Chocolate Snickers Cake
Ingredients
Method
- Preheat oven to 350°F/175°C. Line four 8-inch round cake pans with parchment paper and spray the sides with non-stick spray.
- In a large bowl, sift together the flour, sugar, cocoa powder, baking powder, baking soda, and salt. Set aside.
- In another large bowl, whisk together warm water, buttermilk, oil, eggs, and vanilla extract until well combined.
- Gradually fold the dry ingredients into the wet ingredients, mixing just until smooth.
- Divide the batter evenly among the prepared pans and bake for 22-25 minutes or until a toothpick inserted comes out with moist crumbs.
- Allow the cakes to cool in the pans for 10 minutes, then run an offset spatula around the edges and flip to remove.
- Place cakes in the freezer for 30 minutes to help retain moisture.
- Once the layers are fully cooled, level them with a serrated knife if desired for easier stacking.
- To make the caramel, heat the sugar in a medium saucepan over medium-high heat, stirring occasionally until it melts and turns amber.
- Stir in butter 2 tablespoons at a time, followed by cream and salt.
- Remove from heat and cool, then whip the caramel with a mixer until lightened in color. Set aside ⅓ cup in a piping bag.
- Fold the chopped peanuts into the remaining caramel and set aside.
- To make the frosting, beat butter and peanut butter together until smooth and fluffy.
- Add vanilla extract and salt, mixing until combined.
- Gradually mix in powdered sugar and heavy cream until the frosting reaches a smooth, spreadable consistency.
- To assemble, stack the cooled cake layers on a cake board, spreading a layer of frosting between each.
- Pipe a ring of frosting around the edge of each layer and fill the center with a third of the peanut caramel.

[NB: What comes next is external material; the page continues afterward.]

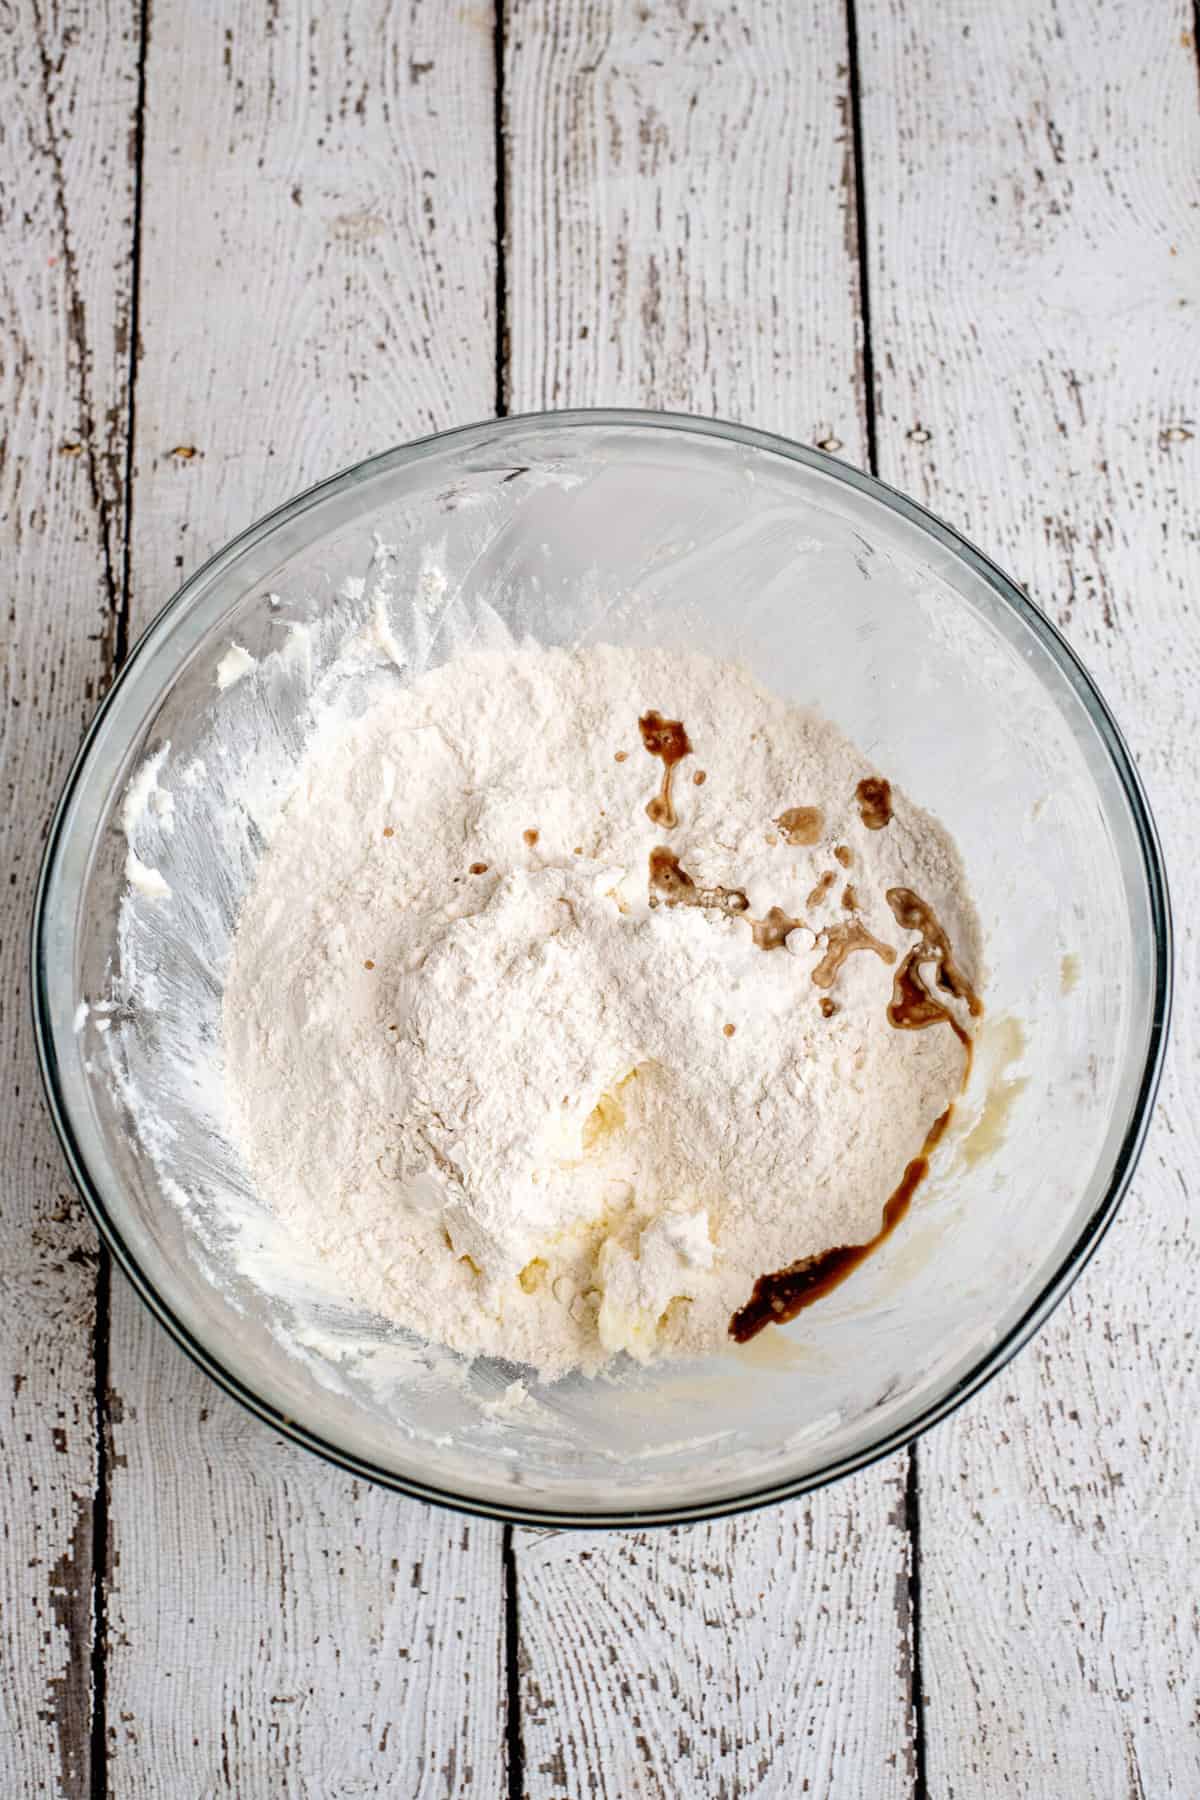 mix in flour and sugar until well-combined and add vanilla

- Repeat with the remaining layers, flipping the top layer upside down to reduce crumbling.
- Chill the cake in the freezer for 10 minutes to set the layers.
- Cover the entire cake with the remaining frosting and smooth with a bench scraper or offset spatula.
- Press chopped peanuts around the base of the cake. Chill the cake again until the frosting is firm.
- To make the ganache, heat cream in a heatproof bowl in the microwave until bubbling, then add the chocolate chips.
- Stir the mixture until smooth, adjusting with more cream or chocolate as necessary.
- Drizzle the remaining caramel over the edge of the cake, then pour the ganache on top and spread with a spatula.
- Garnish the cake with chopped Snickers and a sprinkle of sea salt.